In the Platonic Ideal Bioware Choice that set of results includes a clear, immediate repercussion (a party member is removed from the game), further effects hours later (an exclusive heart-to-heart cut-scene with the living party member), and even unique content multiple games later (a letter referencing the sacrifice.) These effects are both fictional and mechanical. Maybe you gain a new set of powers or you lose a previously utilized resource. Your choice might close off areas of the game world, or it could introduce new sorts of combat challenges. Whatever you chose, it’s obvious that what you did mattered.
There are, of course, choices of this sort in Inquisition. But there is a second, slightly more nuanced, version of the “no real choices” complaint nested inside this first one that is harder to dismiss with a few good counter examples. The stakes that do exist, say these critics, don’t really matter. Who cares about a short cut-scene with some whimpering noble you’ll never see again? How much do a couple extra points of “Power,” the mechanical representation of your Inquisition’s reach, really matter? This critique is basic: What payoff there is just doesn’t leave a strong impression.

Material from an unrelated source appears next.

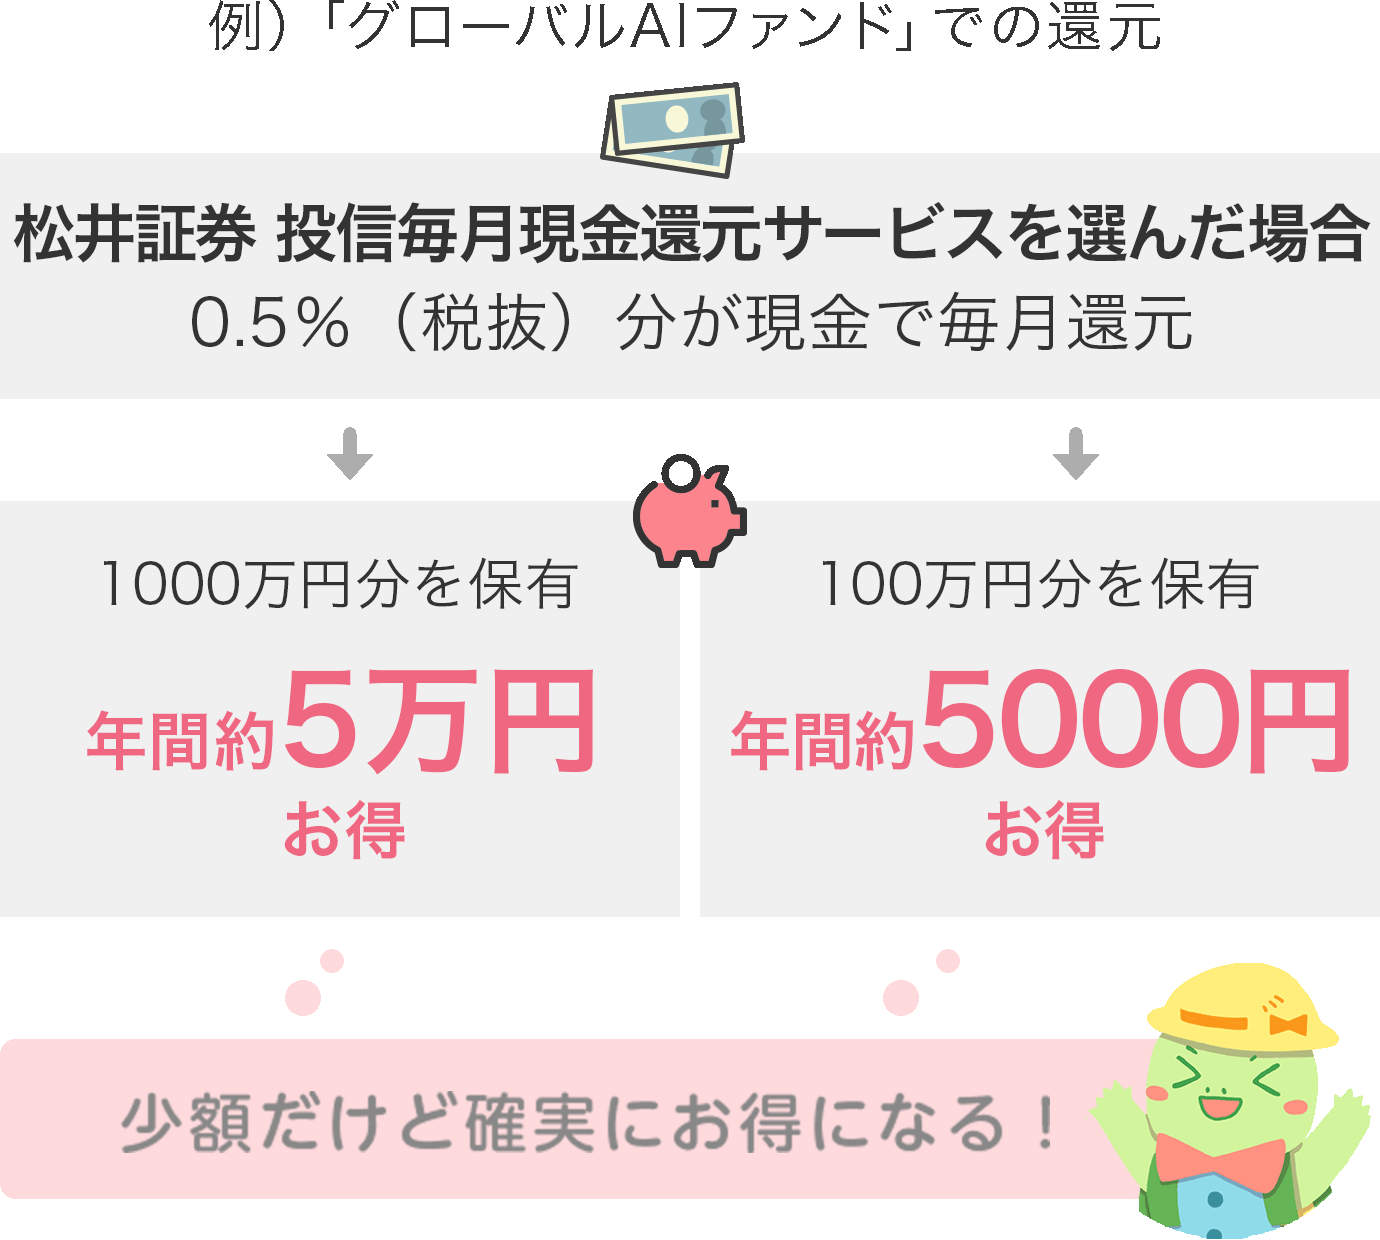 松井証券「投信毎月現金還元サービス」を利用したキャッシュバックの例

Part of the problem here is the tied into the larger structure of Inquisition. Thedas, the world of Dragon Age, is just so big and so packed with quests and NPCs and conversations that little of what you do ever feels monumental. All these little choices—which political ally you favor, how you settle some personal grudge, whether or not you save a man’s cow—feel like they exist in a vacuum. And the rewards are paltry: A sword I’ll sell immediately; an empty notification that my computer friend was happy with my decision; a new name at the bottom of my fantasy Org Chart. It’s rare that a reward feels special, and even rarer that it’s tactically important. These choices pile up in your wake, easily forgotten.
Nowhere is this truer, it strikes me, than at the War Table. Hidden away in a back room of the Inquisition’s secret hideout, you are presented with maps of the two nations central to the game’s story. Little metal baubles mark locations where your attention is needed. Well, not your attention, really. Because when you click on the marker and a text field explains some distant problem, the question is “who do I want to take care of this mess?”
Maybe you’ve found out that some provincial noble has stumbled into hosting a party for a demonic cult. You could have Josephine, your clever politico, send word to the noble to let him know how badly he’s screwed up. Or you could have Leliana, ex-nun and current spymaster, send one of her agents to eliminate the noble (and, by extension, the diabolical dinner party). Or you could send soldier boy Cullen’s knights to kick in the front door and execute the lot of them. (I don’t think this is a real War Table quest, but it should be. Hey Bioware, hire me).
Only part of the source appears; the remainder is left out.